#

Evaluation

Fall detection

ML model:

As the original dataset is extremely imbalanced, the ratio of the minority (falls event) and the majority of samples (normal behaviors) is 0.0576. Therefore, evaluation by the commonly used accuracy is meaningless and misleading. By our further study, we choose F1- score as our main metric to evaluate the performance of the model.

As F1-score values equally on precision and recall, we expect our model can capture all the potential fall events. To reach this aim, we need a model with recall (sensitivity) as high as possible, and a relatively high precision to reduce false alarm. So, our basic methodology is that firstly through the value of F1-score, we could get an intuitive reflection on how the model performs and by further checking the precision and sensitivity to determine whether the model should be adopted. The final result on average has a F1-score of 0.941 (10-fold stratified), and the corresponded recall and precision respectively are 0.998 and 0.891. Although it is difficult to find a past research that has used the same dataset and same metric, most of previous research do take sensitivity and specificity as their metrics. Also, we cannot confirm what dataset they used in some of the research. As a comparison, we calculated the specificity and sensitivity of our model with best F1-score and the result is presented in the table on the right.


App:

We have integrated the app interface with the fall-detection backend. Therefore, we are able to do quantitative tests on different scenarios. Please note that these tests mainly aim to test the usability of the fall-detection function but not the reliability or correctness (to prove these we obviously need to do more systematic tests with more scenarios and trial times). The test results contain two scenarios:
The first scenario is physically dropping the phone from a certain height with a pad on the ground as a buffer. The second scenario is that carrying the phone (in pocket) and performing 4 types of fall trials which contains:
FOL:
Fall forward from standing, use of hands to dampen fall.
FKL:
Fall forward from standing, first impact on knees.
BSC:
Fall backward while trying to sit on a chair.
SDL:
Fall side wards from standing, bending legs.

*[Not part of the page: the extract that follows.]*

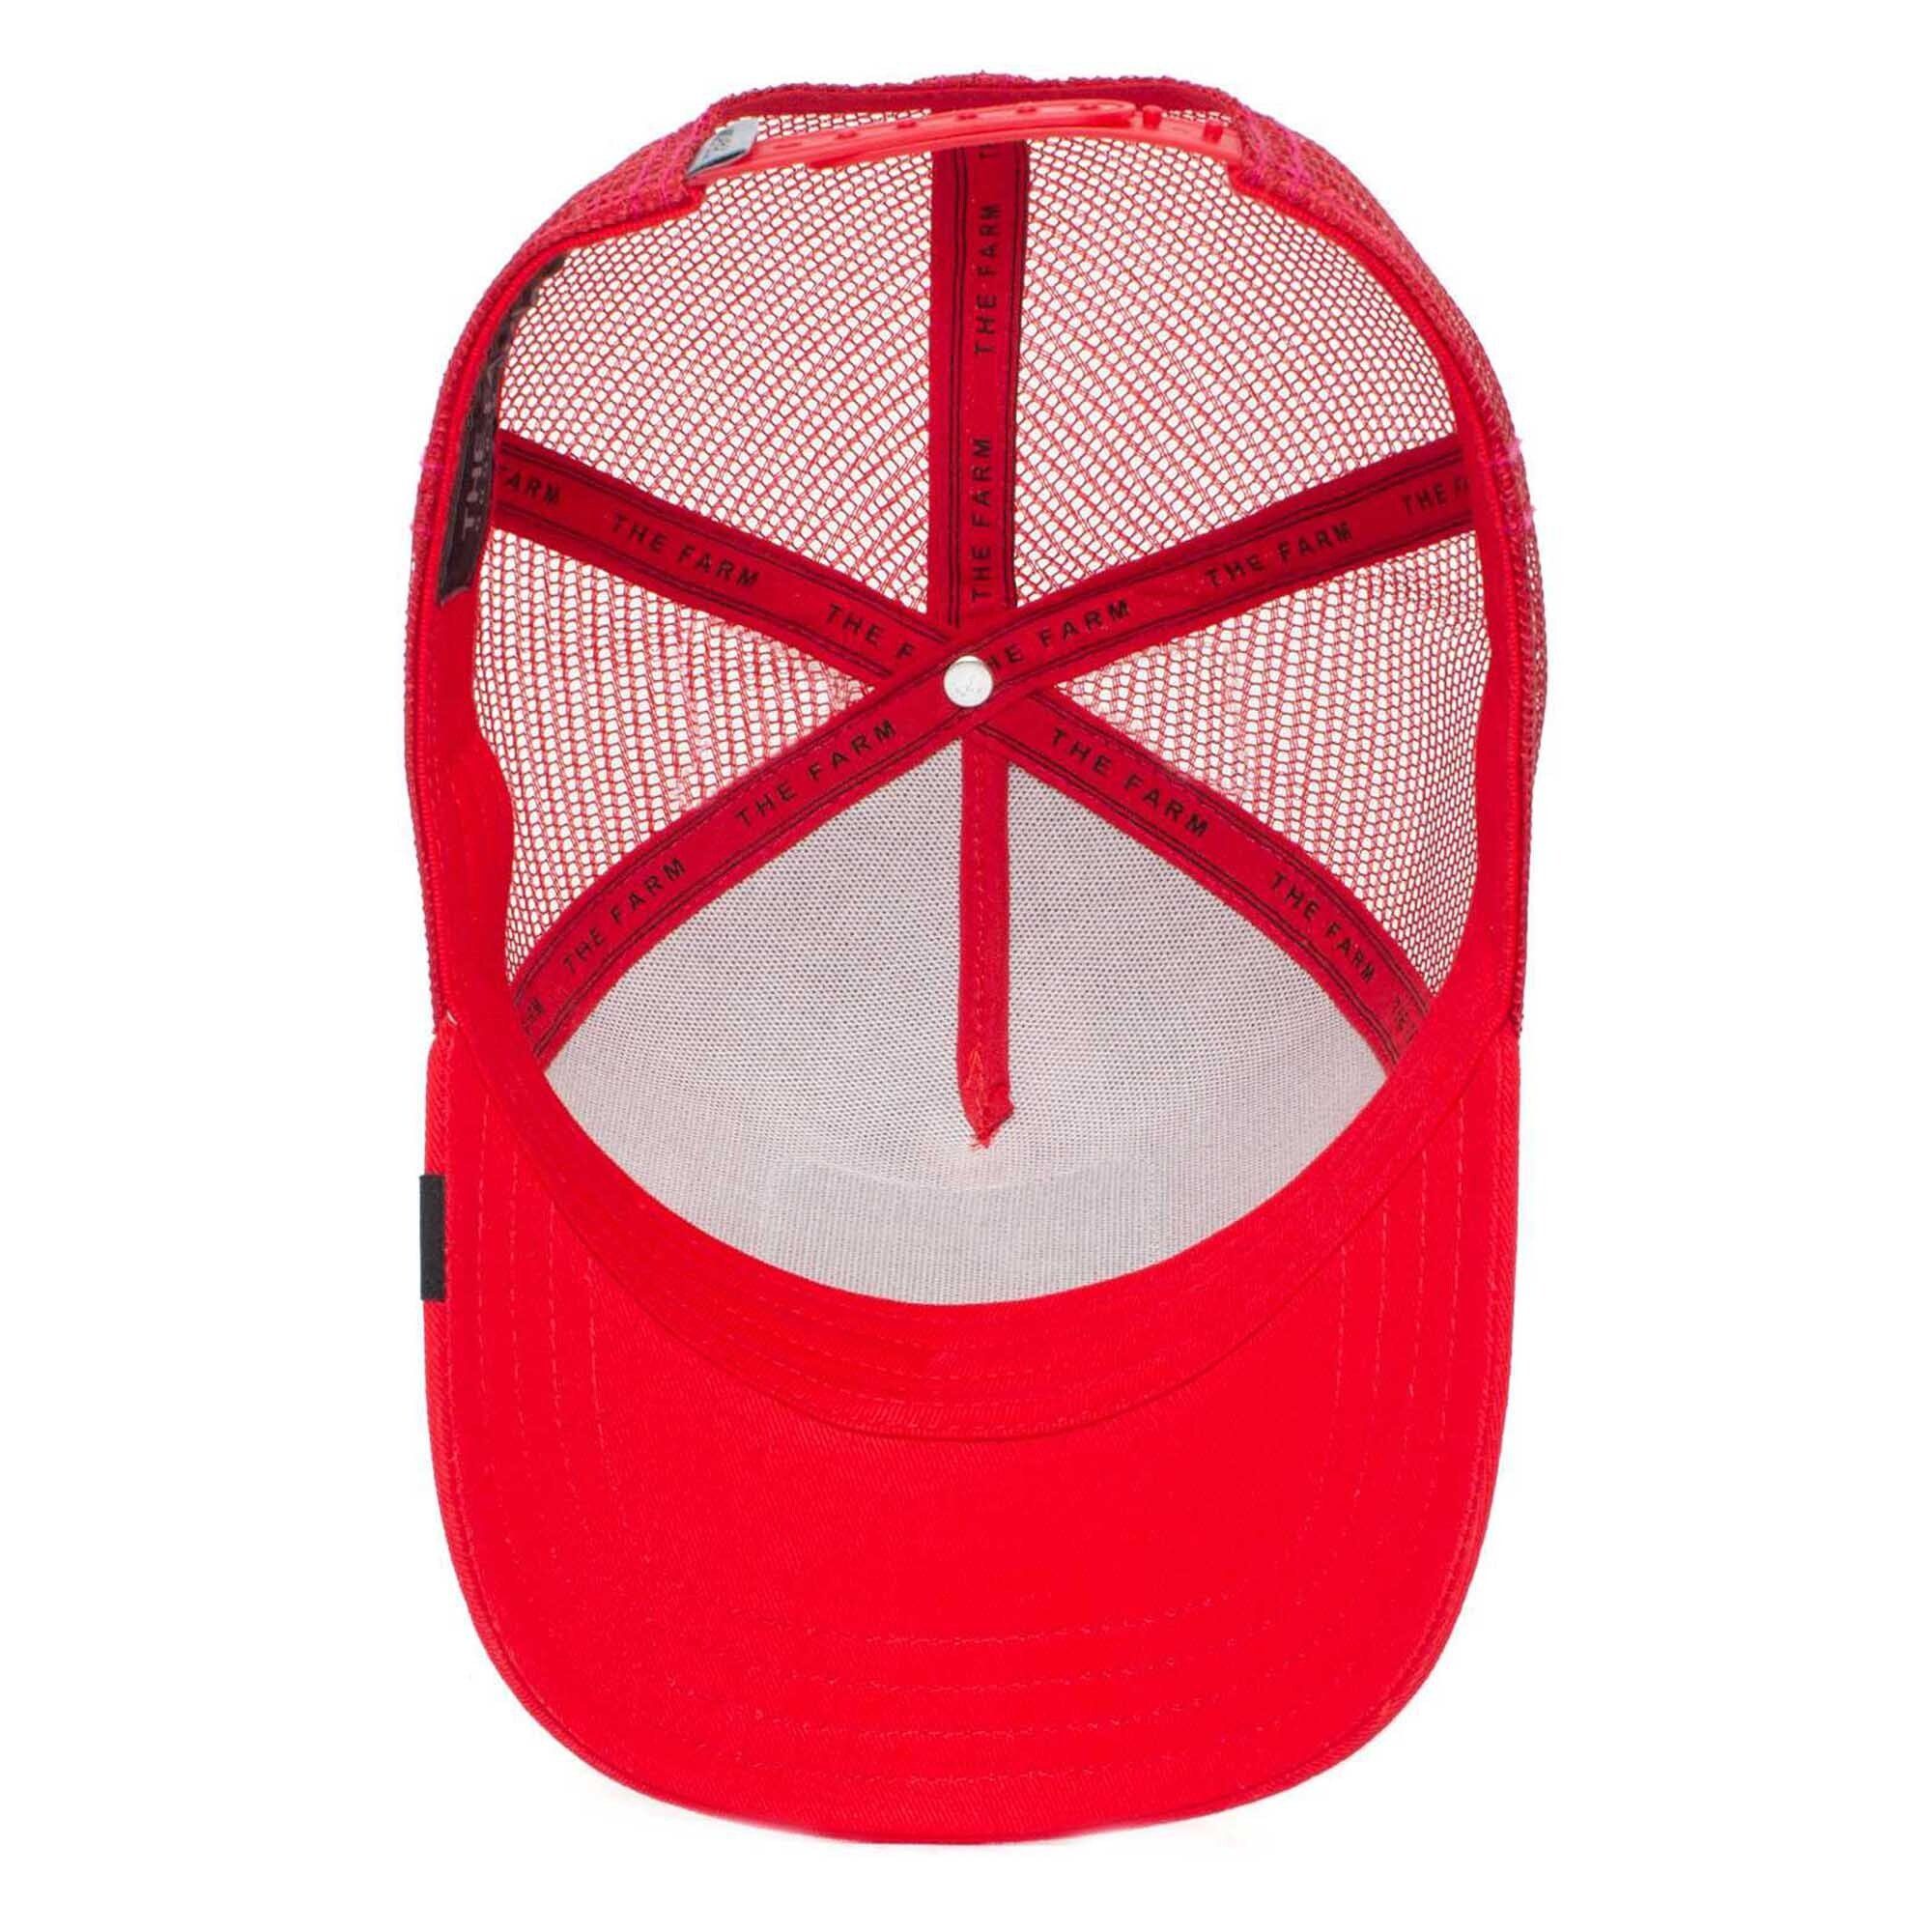 Bros. Kappe, GOORIN Size Cap Cock The red One Cap Baseball Unisex Trucker - Frontpatch,

As the result indicates, the performance of the fall detection classifier is not good as our expectation. More specifically, we found that the data we acquired from our App is incompatible with the data we used for training (MobiAct), which might be the reason for it. In our many trials, some features (for example the maximum SMVs) within a window period of time is greater than that value of we extracted from the whole training dataset. We have also found hints in a research study that compares different public datasets for fall detection system as seen in the figure below. We can see from this figure that the value of this feature is generally lower than the same in other datasets. To solve this incompatible issue, we need to combine other public dataset or to collect data by ourselves.

#

#








#
#

Hardware and Navigation

Hardware:

To measure the sturdiness of the frame stress tests were done with a load of 185lbs which is the full weight of a 70-year-old male in the 95th percentile of elderly people aged 60-80. Since the robot will never carry the user at once, this load is more than sufficient for testing purposes. The team has conducted an analysis on 3 different joints using 3 different metrics: 1st Principal Stress which helps understand the maximum tensile stress, Constraints and Load and Displacement.

Navigation:

The building of the occupancy grid was running multiple times in different environments using different parameters. We tested the number of scans needed to produce a good occupancy grid. We found that the bare minimum to visit all parts of the room was best. Too many scans would produce incomprehensible occupancy grids as can be seen in the figure.